We learned in the lectures that Ts/Tv can be used to assess the quality of a set of variant calls, and that this number should be 2 or greater. What is the Ts/Tv for this data before and after filtering?
Note. The bcftools stats
command can calculate Ts/TV (as TSTV) statistics - search for 'TSTV' in the output.
Inspecting failed variants
A useful test of the filtering strategy is to pick at some variants that failed the filters, and look at what the pileups look like. This might make it clear what (if anything) is wrong with the variant.
You could of course find these variants from your python code, but here's an alternative approach using bcftools
.
We'll first generate a new version of the filtered VCF that keeps the failed variants in but marks them as 'FAIL' (as the original version removed them entirely). You can produce
it by adding the -s
option to the bcftools filter
command, to 'soft filter' the file:
bcftools filter -Oz \
-i 'DP>=1000 & DP<=10000 & MQ>=40 & MQ0F<=0.05 & AN>=300 & AC>=2 && QUAL>=50 & RPB>=0.0001 & MQB>=0.0001 & BQB>=0.0001 & MQSB>=0.0001' \
-o 'GWD_30x_calls.soft-filtered.vcf.gz' \
-s FAIL \
calls/GWD_30x_calls.vcf.gz
Note
Use the same filters as you used in the Variant quality control section, if you changed them.
Let's also index the file, which helps bcftools
select specific variants or regions:
bcftools index GWD_30x_calls.soft-filtered.vcf.gz
Now the SNPs in the data can be viewed like this:
bcftools view \
-H \
-r chr19:48693822-48708100 \
--types snps \
GWD_30x_calls.soft-filtered.vcf.gz \
| less -S
Note
We used the -r
option above to restrict to the region that our subsetted read data in reads/
corresponds to.
Scroll around in this file a bit and pick a SNP that says FAIL
in the FILTER
column - for example, in my filtering, there's a SNP at chr19:48700152 that failed the filter.

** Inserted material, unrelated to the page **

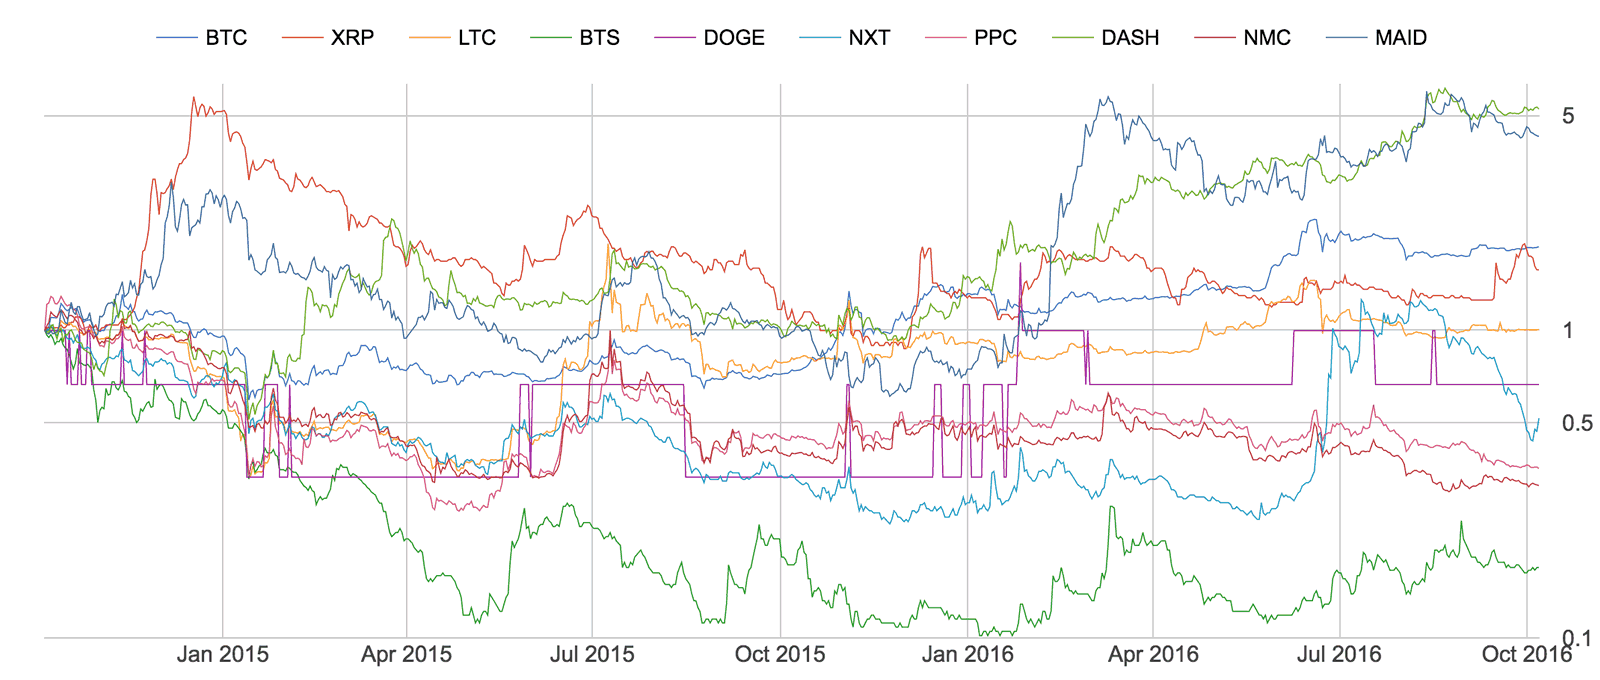 Top 10 coins, returns starting 24 months ago

We can now use bcftools query
to pull out a list of samples that appeared to carry the alternate alleles at this variant. The syntax is a bit arcane, but very powerful - it's
described on the bcftools manual page. For our purposes it can be done like this:
bcftools query \
--regions chr19:48700152-48700152 \
--include 'TYPE="snp" & GT="alt"' \
--format 'Variant:\n%CHROM:%POS %REF>%ALT %FILTER\nINFO=%INFO\n\nNon-ref samples:\n[%SAMPLE %GT\n]' \
GWD_30x_calls.soft-filtered.vcf.gz \
| head -n 30
You should see the INFO fields for the variant, followed by a list of the first few samples that were called with non-reference genotypes.
Can you see why it failed?
You can also samtools tview
, as in the earlier practical to inspect the pileup for these samples:
samtools tview --reference GRCh38_chr19.fa.gz -p chr19:48700152 reads/HG02588
Better yet - load up the data in IGV and see if you agree with the filtering.